My family meets all those requirements. Almost. My 16-year-old could pass for 18, and we could make it to St. Louis in three hours provided we don’t zip past any police cruisers.

“So, who’s ready to get catch the flu?” I asked my girls, who were now looking at me as if I had just sneezed on their manicures.

“Dad, this is the dumbest idea you’ve had since Cancun, where you insisted we tour the Mayan ruins in 100-degree heat,” my eldest said.

“Or when you made us eat raw oysters in New Orleans,” her sister said.

“We got sick on that trip too!” my wife said.

“Yes, but nobody PAID us to get sick,” I reminded them. “C’mon, how can this family pass up $14,000? We get 10 days in a hotel with free Wi-Fi, catered meals and round-the-clock nursing care! There’s even a gym for you two health nuts,” I said, gesturing to my daughters.
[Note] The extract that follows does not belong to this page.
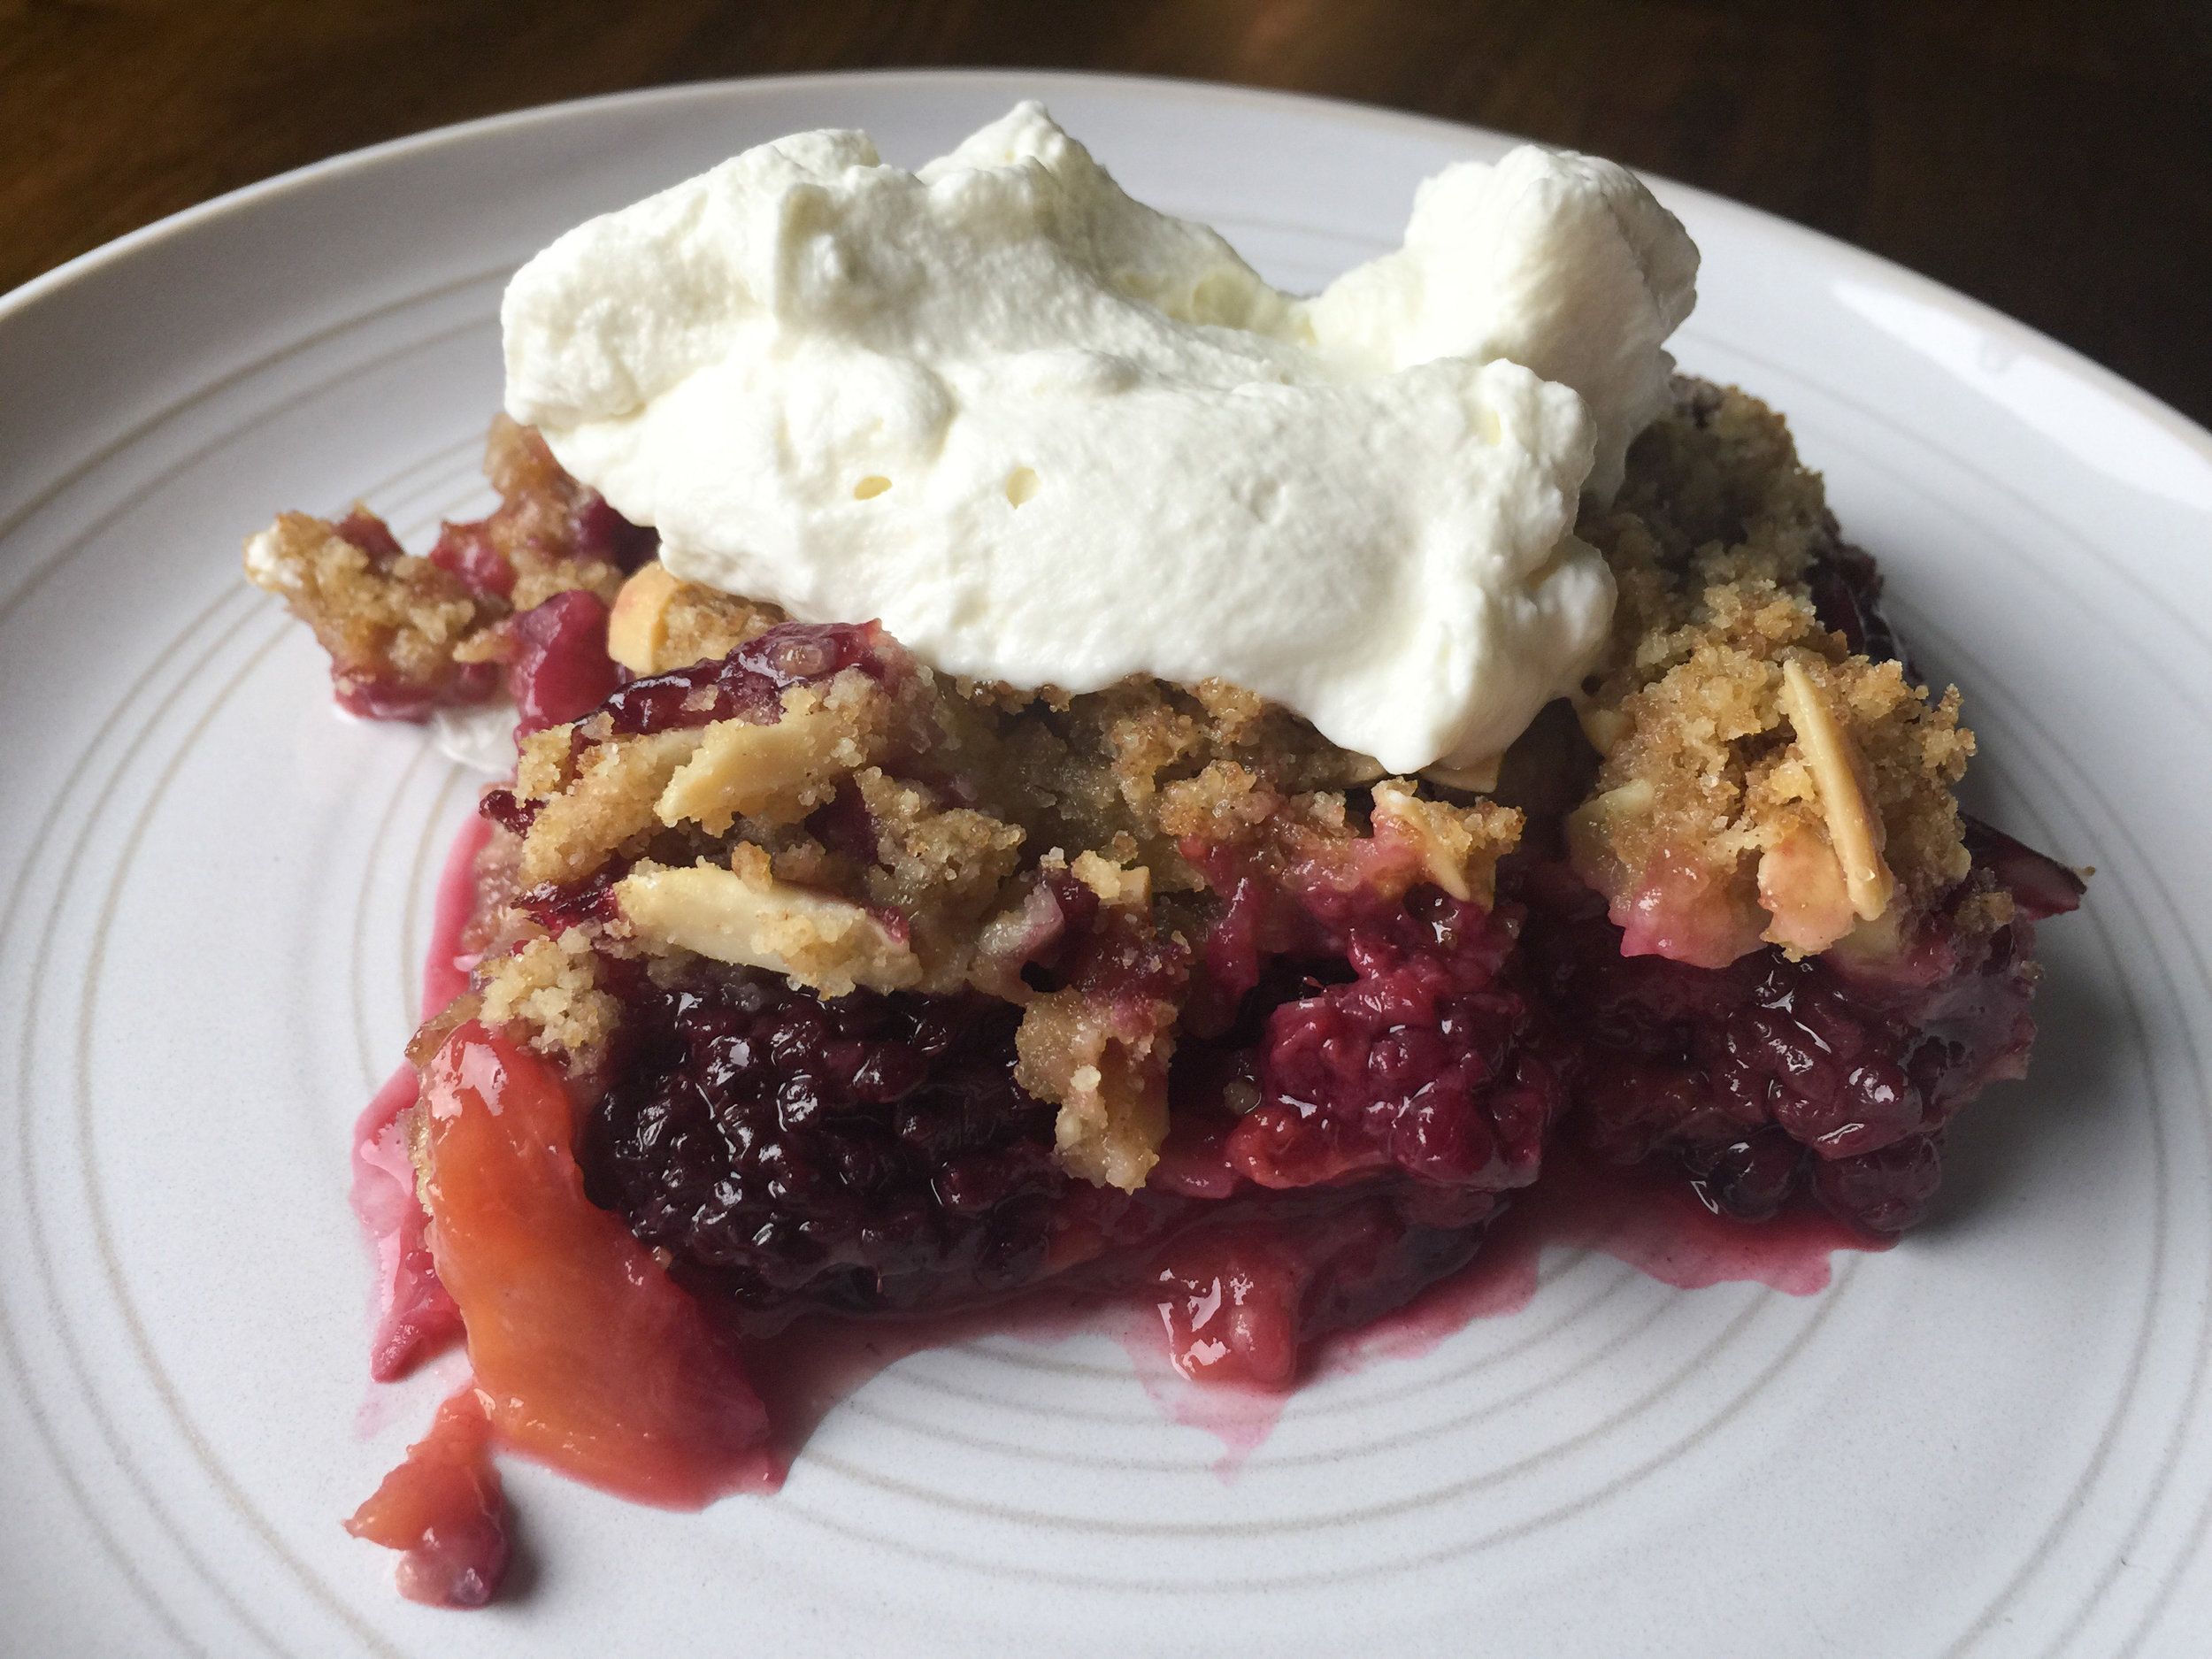 Berry and peach crisp recipe

“Great,” my younger daughter said. “I love running on a treadmill with watery eyes and body aches.”

“Why don’t you go alone?” my wife finally suggested. “Then you can buy something for yourself with the $3,500. A new set of golf clubs, perhaps?”

“Some anti-bacterial wipes?” my youngest said.

“I’m constantly on the road alone,” I said. “We always say we never spend enough time together because of our crazy schedules. Well, problem solved!”

The looks on their faces suggested my plan was sinking fast. I switched to guilt mode.

“Do it in the name of science,” I said.

They quickly left the room.

Too bad. I was looking forward to coughing on a few Cardinals fans.